作品タイトル不明
第4話 四度目同士、釣り合いですね
「失礼する」
低い声がした。
入ってきたのは、思っていたより大きい男だった。肩が広いというのではなく、立っているだけで部屋の重心が一つずれる、そういう体格だった。
額に古い傷があった。眉の上からこめかみへ、線が一本走っている。古いというのは、傷の縁の色がもう肌に馴染んでいるからだ。何年経ったものかは知らない。けれど、私と婚約していた誰かの傷より、ずっと古い。
「グレイフィン将軍家のマルクスです」
低く、まっすぐな声だった。
私はソファから立ち上がった。

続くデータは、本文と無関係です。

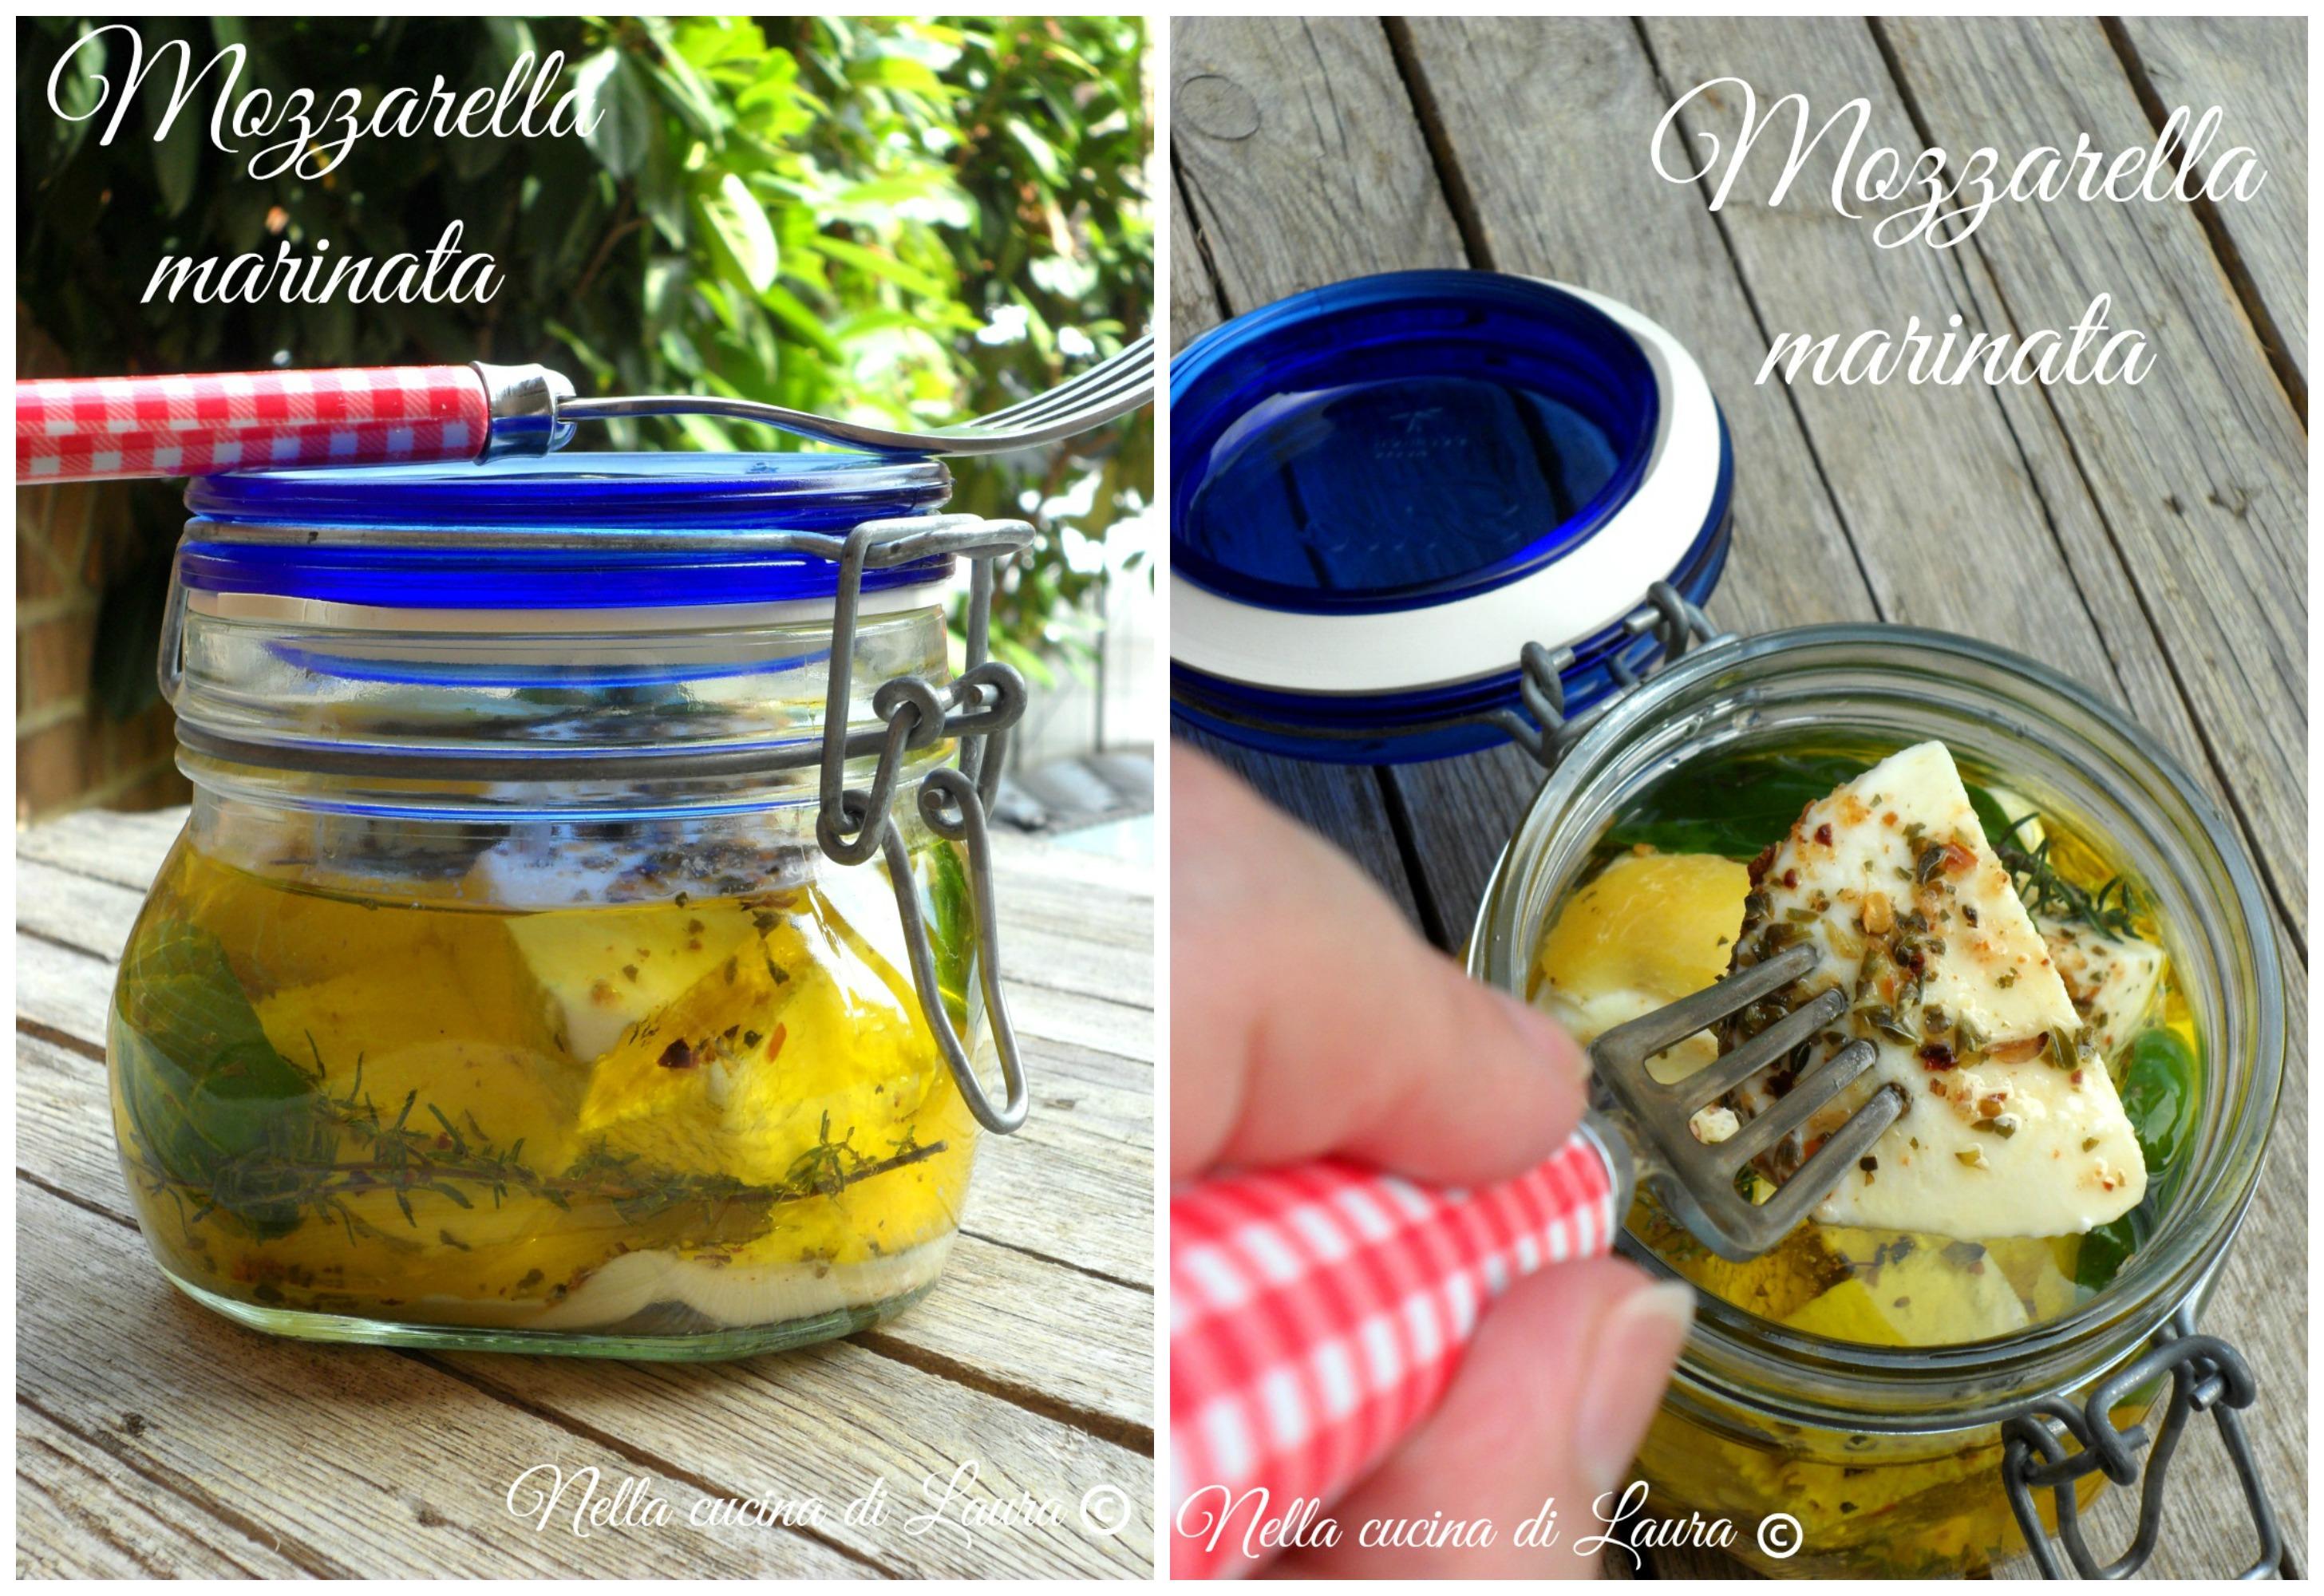 mozzarella marinata - nella cucina di laura

立ち上がってから、彼が、立ち上がる必要はない、と言わなかったことに気づいた。普通、客が立ち上がるのを止める。けれど彼は止めなかった。彼は、私を「客」として扱うか「妻になるかもしれない人」として扱うか、まだ決めかねている。私は、それでいいと思った。私もまだ決めかねている。
「ヴィオラ・ローレンソンです」
彼がわずかに頭を下げて、向かいの椅子に座った。
座る動作が、訓練された人のそれだった。膝を曲げて、上半身の重みをゆっくり下ろす。椅子の脚がほとんど音を立てない。戦地でいきなり座ると襲われやすい人の座り方だ、と私は思った。彼は、平和な応接間でも、平和な座り方がもうできなくなっている。腰を下ろす最後の瞬間に、軍靴の踵がわずかに床を擦って、小さく鳴った。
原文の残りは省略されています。